Earlier on, VP Chiwenga had told delegates that Zimbabwe was forging ahead with fulfilling its obligations to international undertakings on population management and sexual reproductive health. 

VP Chiwenga said this is further buttressed by the appointment of national agencies and taskforces to push for the attainment of these goals with President Mnangagwa personally monitoring their work. 

“To show how seriously we take this human rights issue of family planning . . . may I hasten to say, ladies and gentlemen, that the Head of State and President of the Republic of Zimbabwe takes the performance of agencies such as the Zimbabwe National Family Planning Council seriously,” said the VP. 

“In this regard, the board chairperson and the chief executive officer sign their annual Performance Contracts in front of His Excellency the President, with quarterly appraisals done, in order to track performance.”

Zimbabwe’s population is still growing, although the birth rate is now close to replacement levels.
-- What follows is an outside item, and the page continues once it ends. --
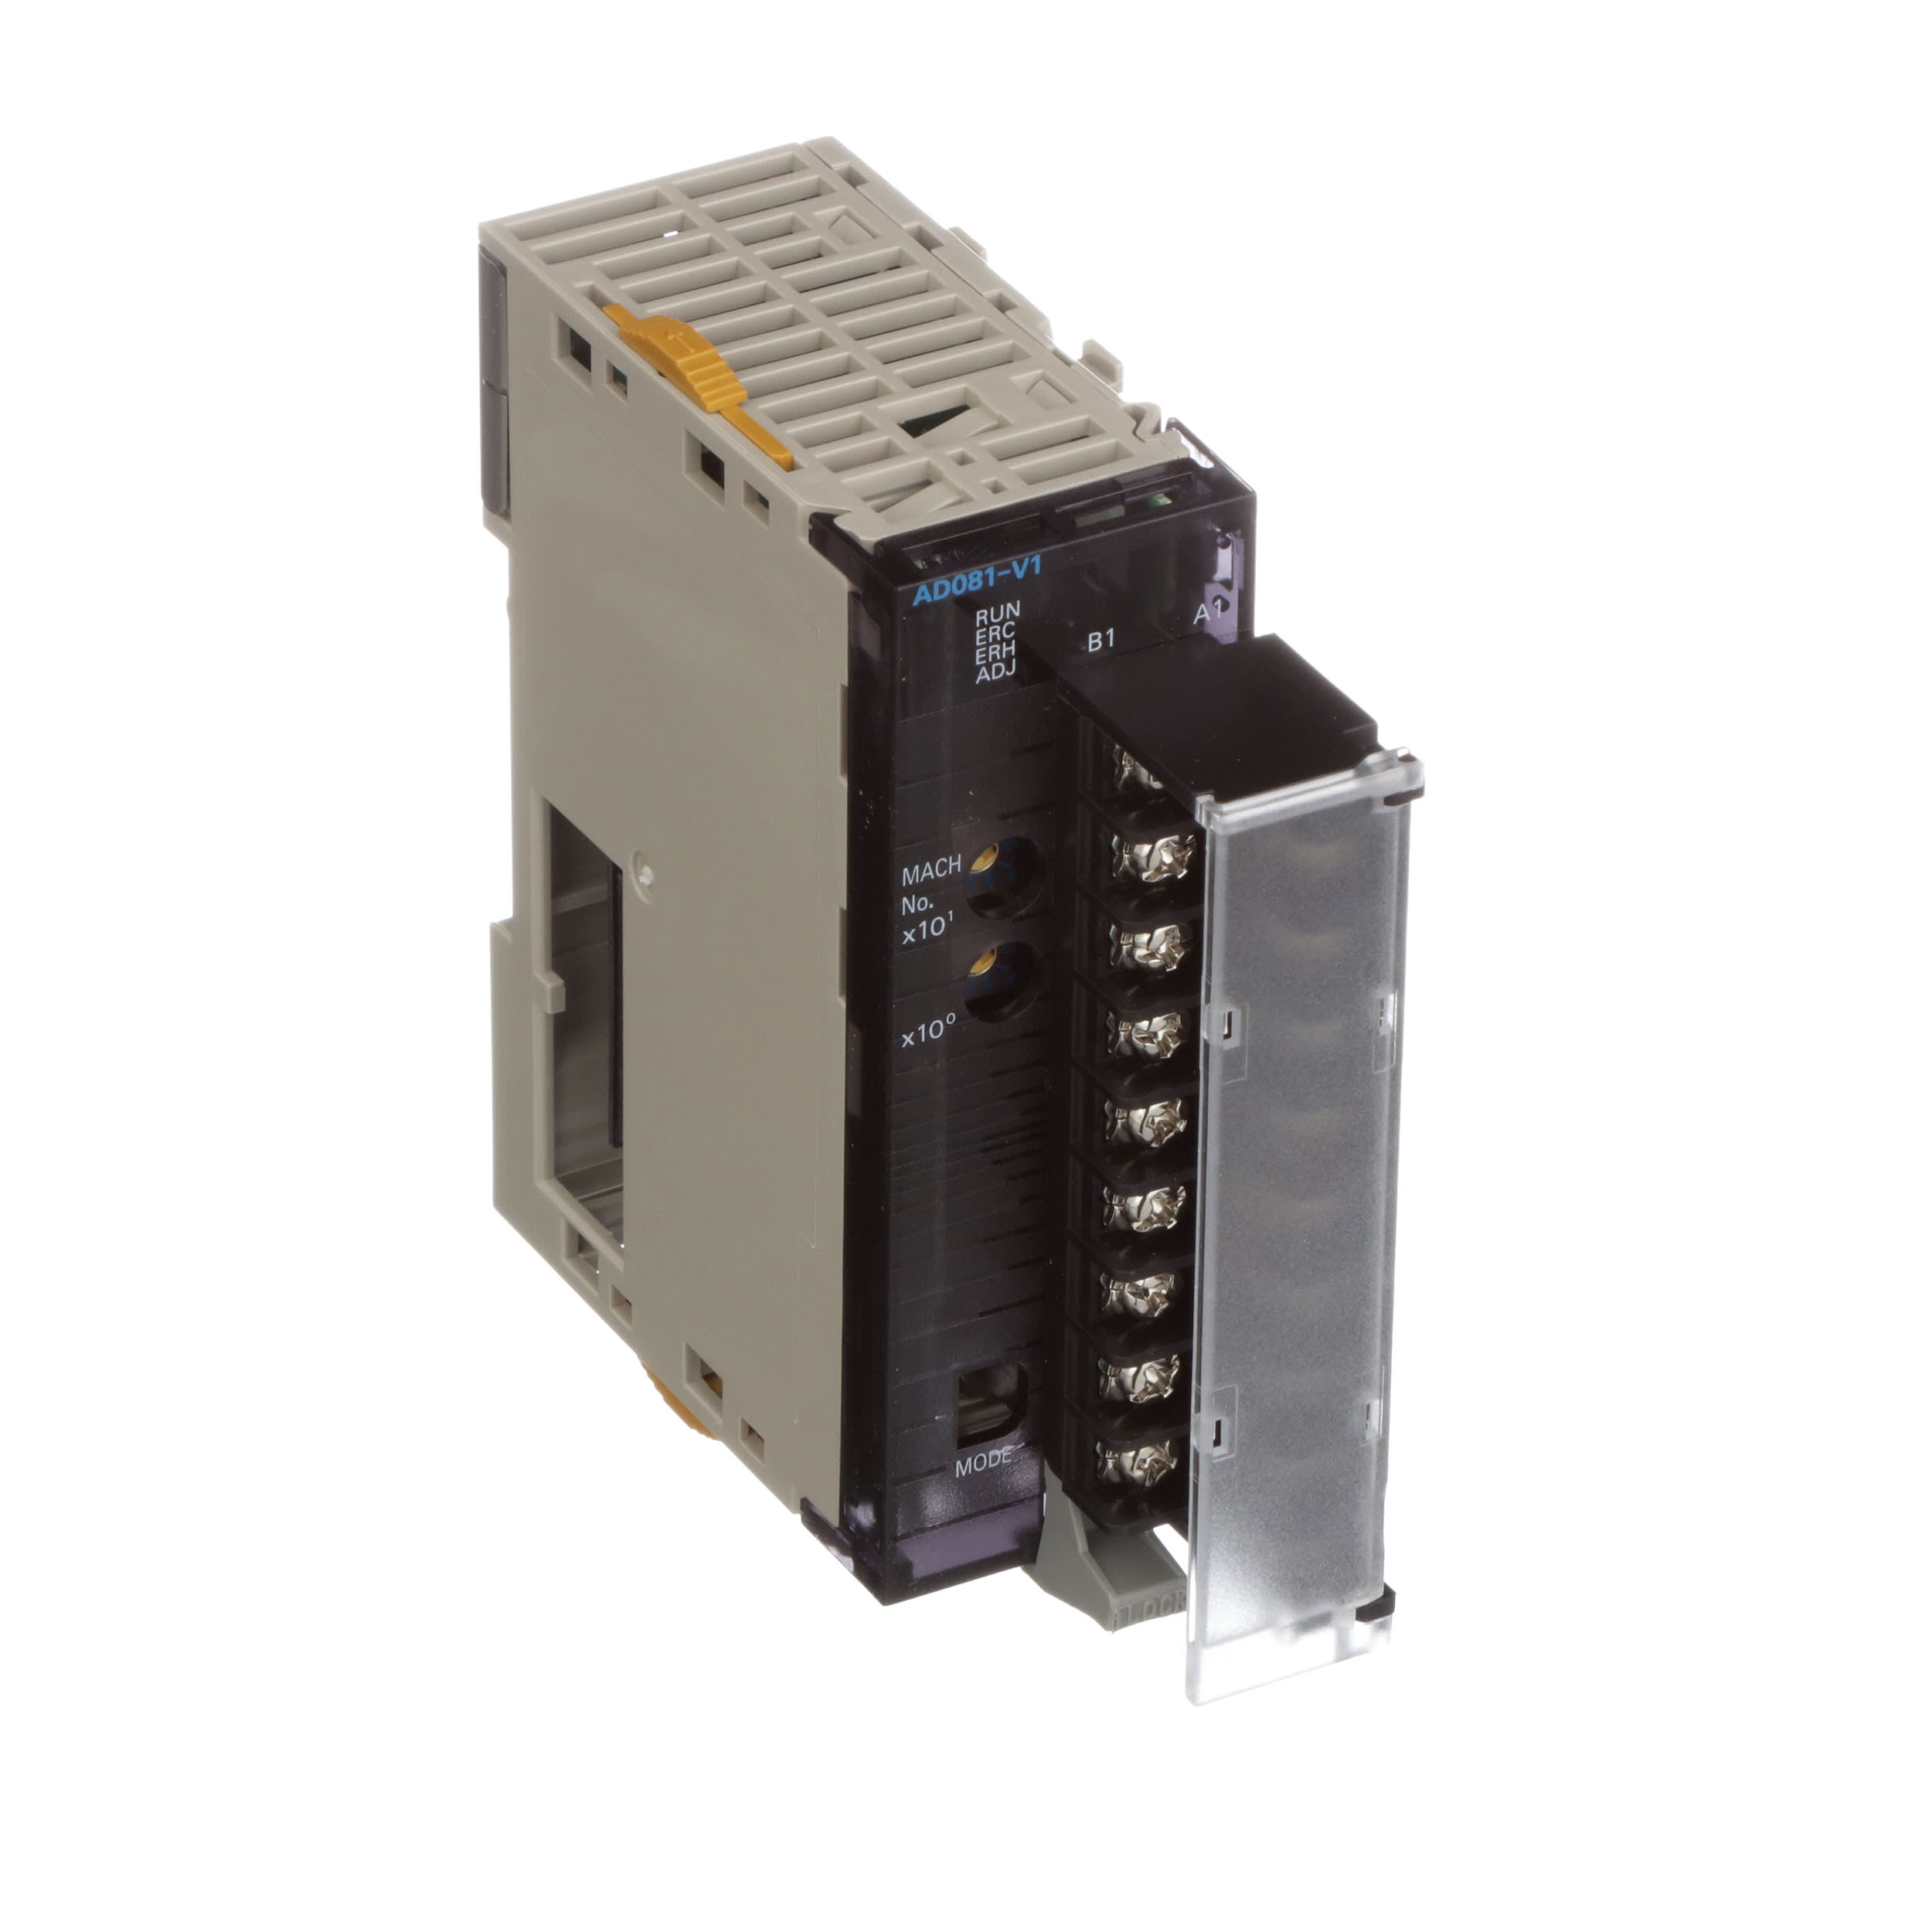 1PCS CJ1W-AD081-V1 New Omron Analog Input Units PLC Module

This is because of other health initiatives that have seen more people living longer, so there are a lot of people born when birth rates were far higher who are still middle-aged. 

Zimbabwe’s birth rates fell as a direct result of the major effort made in the 1980s to ensure all girls had a full secondary education, coupled with access to reproductive health services and good primary health care for babies and toddlers. 

There was no compulsion but UNFPA has noted that educating girls and women and ensuring they have access to the health services they want for themselves and their children means that women are able to make decisions and to act on what they decide.